Studying the assembly of intermediate filaments in microfluidic channels using fluorescence cross correlation spectroscopy (FCCS) — •Viktor Schroeder¹, Bernd Nöding¹, Anja Niedermayr², Harald Herrmann³ und Sarah Köster¹ — ¹Institute for X-Ray Physics, Georg-August-University Göttingen, Göttingen, Germany — ²Department of Neurophysiology and Cellular Biophysics, Georg-August-University Göttingen, Göttingen, Germany — ³Division of Molecular Genetics, German Cancer Research Center (DKFZ), Heidelberg, Germany

The cytoskeleton of eukaryotes consists of three different filamentous systems: microtubules, actin filaments and intermediate filaments (IFs).

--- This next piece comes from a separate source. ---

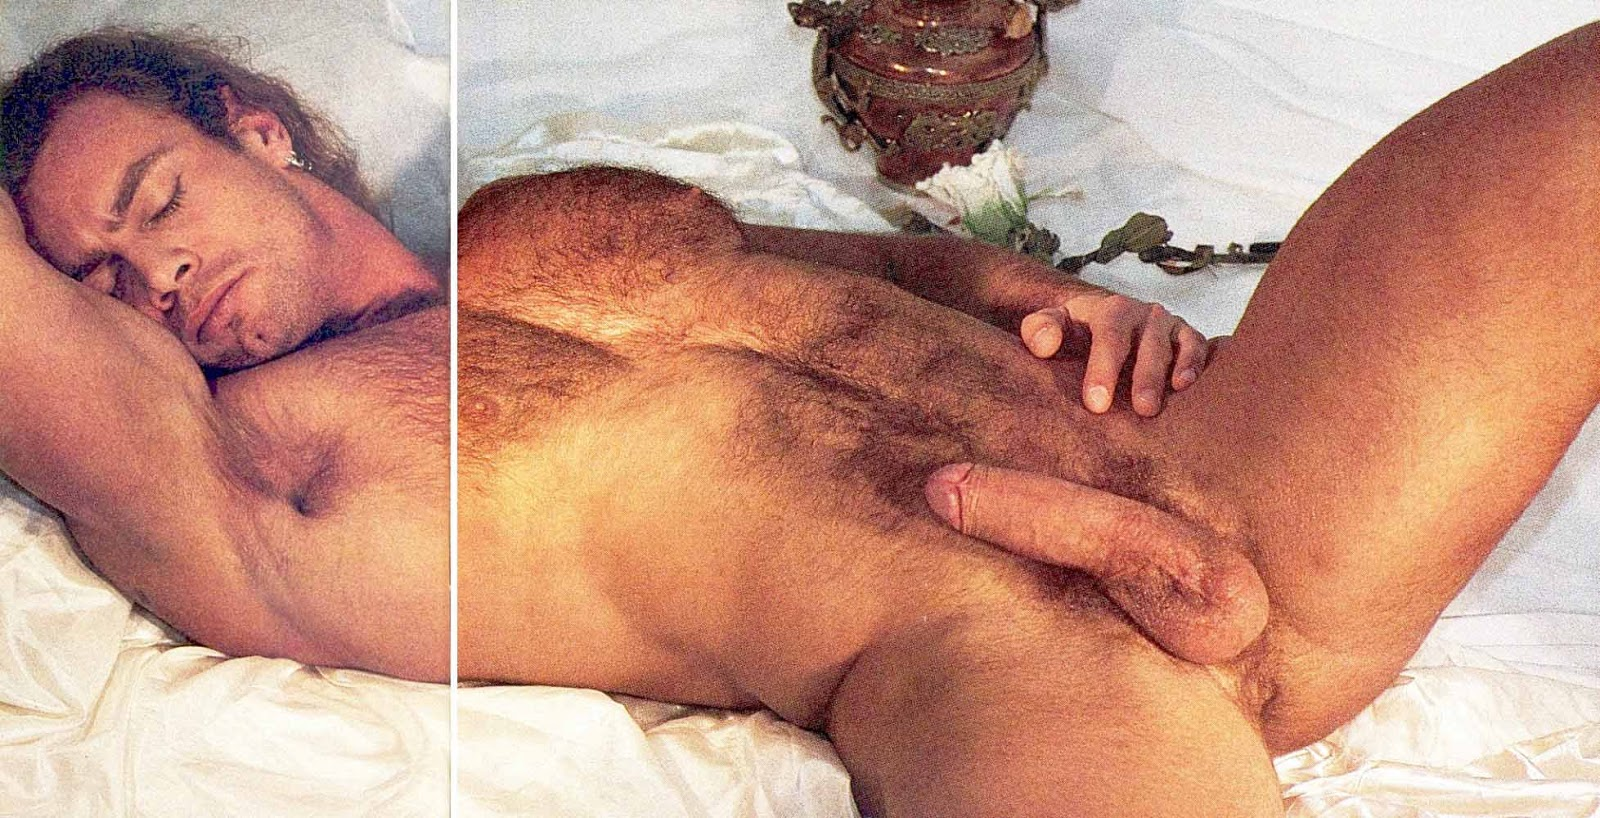 gay Pete nude meluso

While both tubulin and actin are highly conserved, IF proteins occur in many different variations, depending on cell type and organism. All cytoskeletal filaments consist of distinct subunits and assemble in a characteristic way. For vimentin IFs, which are found in cells of mysenchymal origin, a principal assembly model exists. However, measurements of the assembly process with high time resolution, which would yield insight especially into the early assembly steps, are still largely missing. To approach this problem, we use fluorescence cross correlation spectroscopy (FCCS) in combination with microfluidic continuous flow mixers to access time scales in the millisecond range and directly follow binding events.